Maria nodded and hurried away to her car.
By the time Clay and Hope reached the centre of town, night had fallen and the streets shimmered with light. Closed shop-front windows glowed, beckoned to a homeward trickle of umbrella-toting office workers. Random squares of light burned inside the dark hulks of squat office buildings, desperate bankers staring into flickering screens, the stink of alchemy oozing into the air even on a Saturday night. Money never sleeps, thought Clay, doesn’t take a day off.
‘What will you do?’ said Hope. It was the first time she’d spoken since dropping the samples with Maria. ‘The two of you. After, I mean.’
‘I don’t know. Go to Africa, I guess. Disappear for a while.’
She pointed left. He turned.
‘I wish I could disappear.’
Clay said nothing, drove.
‘Here,’ she said. ‘Just along this street.’
Clay slowed the car and scanned the street. Windows evening-lit, a few cars parked half up on the pavement, tree shadow swaying over rooftops, house fronts.
‘This is it,’ she said.
Clay stopped and turned off the engine. There was just the quiet of the street, Hope sitting there beside him, her face almost hidden in the darkness.
‘Alexi is waiting for you,’ he said.
Hope tried a thin smile, failed. ‘Be careful,’ she said.
‘You too, Hope.’
‘I’ll be in meetings with my co-convenors all day tomorrow, preparing for the enquiry. Opening statements start at ten o’clock Tuesday morning. Erkan is scheduled to testify at two that afternoon. If he decides to show up, that is.’ She paused. ‘Will you be there?
‘Not a good way to disappear.’
‘If you could testify, Clay, it would be very valuable. Rania, too.’
‘You’ll have all the proof you need. I’ll give you Erkan’s dossier. You don’t need us.’ He felt sick inside.
Hope stared at him across the half metre of darkness that separated them. After a moment she opened her door and stepped out of the car. ‘Come in with me, Clay, please.’
Clay looked at his watch, nodded, got out
of the car and followed her to the house.
Hope’s ex answered the door. He was a big man, tall, heavy-set. As soon as Clay saw him he knew something was wrong. His eyes were red, swollen. He looked like a little boy who’d lost his mother at the fair.

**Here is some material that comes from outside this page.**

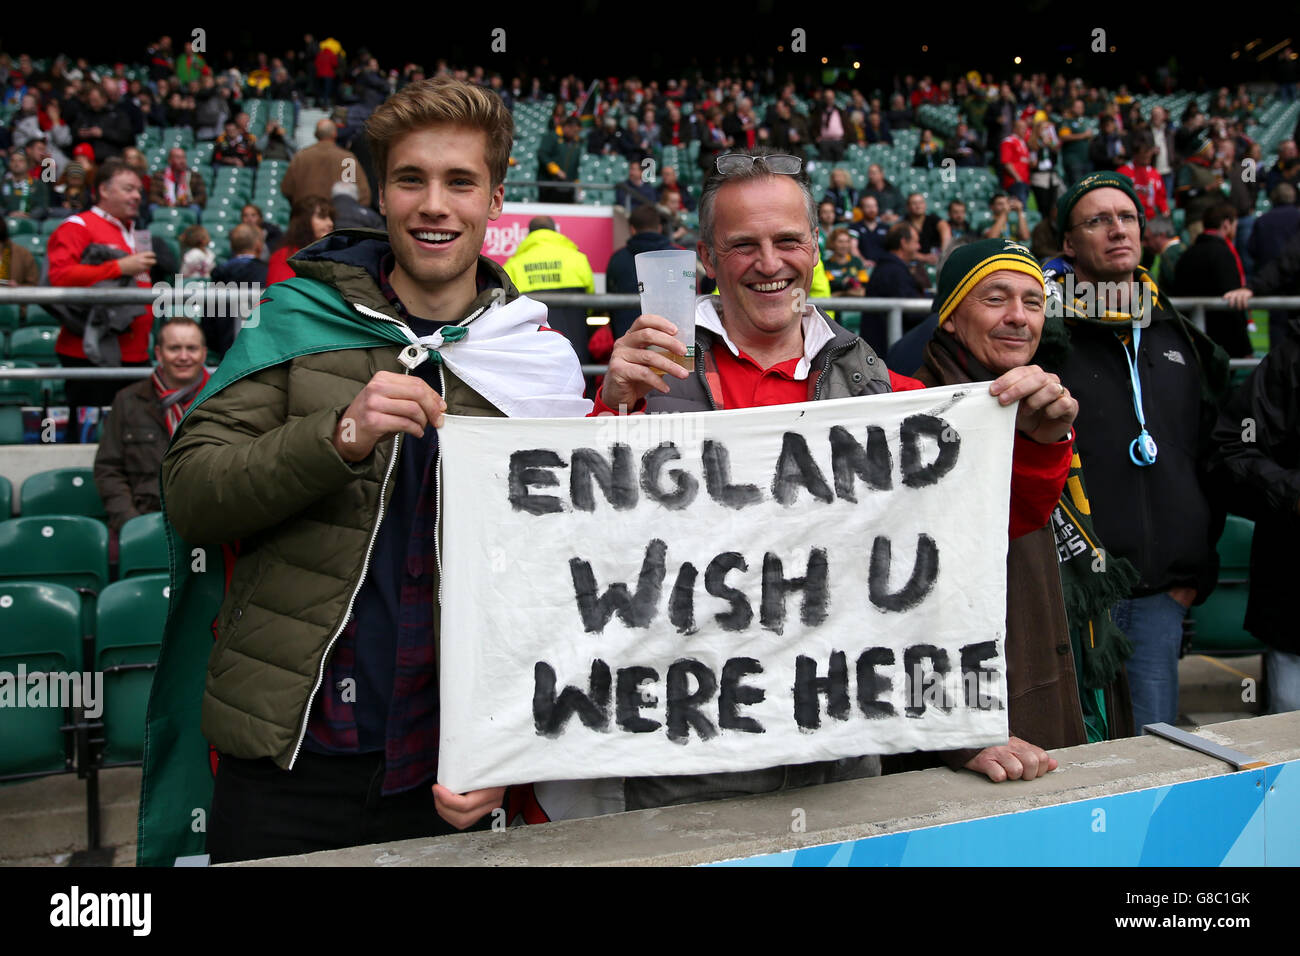 Wales fans in the stands with a sign reading 'England Wish U Were Here' during the Rugby World Cup game at Twickenham Stadium, London. Stock Photo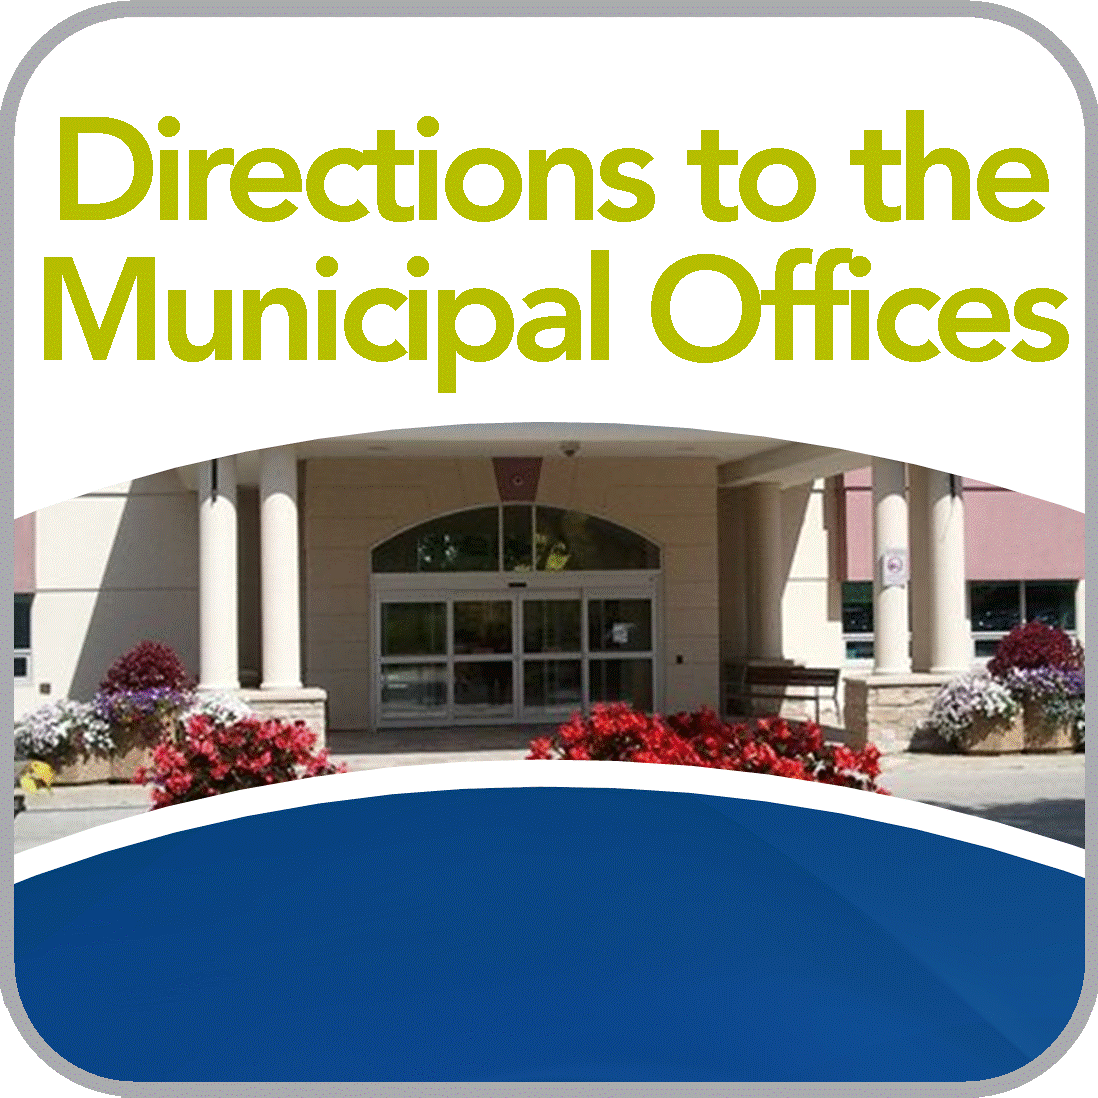 Directions to the Municipal Offices

‘Hope,’ he said, glancing at Clay. ‘What have you done with him?’
‘What are you talking about?’ said Hope, reaching for the door-frame. ‘Where’s Alexi?’
‘The police are on their way.’
‘Police?’
‘After I brought him home from the airport, I took him to the park to play. I turned my head for a minute, and he was gone. I’ve looked everywhere, called everyone. I know you’ve taken him, you and that bitch Maria.’
39
Natural Selection
Hope stood in the doorway looking as if she’d been given a dose of cyanide, could feel it creeping through her body. ‘What are you talking about?’ she gasped. ‘Where is my son?’
‘Stop the bullshit,’ her ex-husband bellowed, leaning forward at the waist. ‘Where is Alexi?’
Hope raised her hand to her mouth. ‘My god,’ she whispered. ‘You think …. You think I have him.’
‘That’s exactly what I think, you slut.’ He jutted his chin towards Clay. ‘You and your friend, here.’
Hope wheeled around, her glance ricocheting off Clay like an afterthought. ‘He’s … He’s got nothing to do with this, Pavlos. Where is my son? What have you done with him?’
‘You tell me,’ he screamed. ‘Your bullshit story about being in danger, about needing to leave the country. Using that dyke Maria as your mule. I can’t believe I almost fell for it.’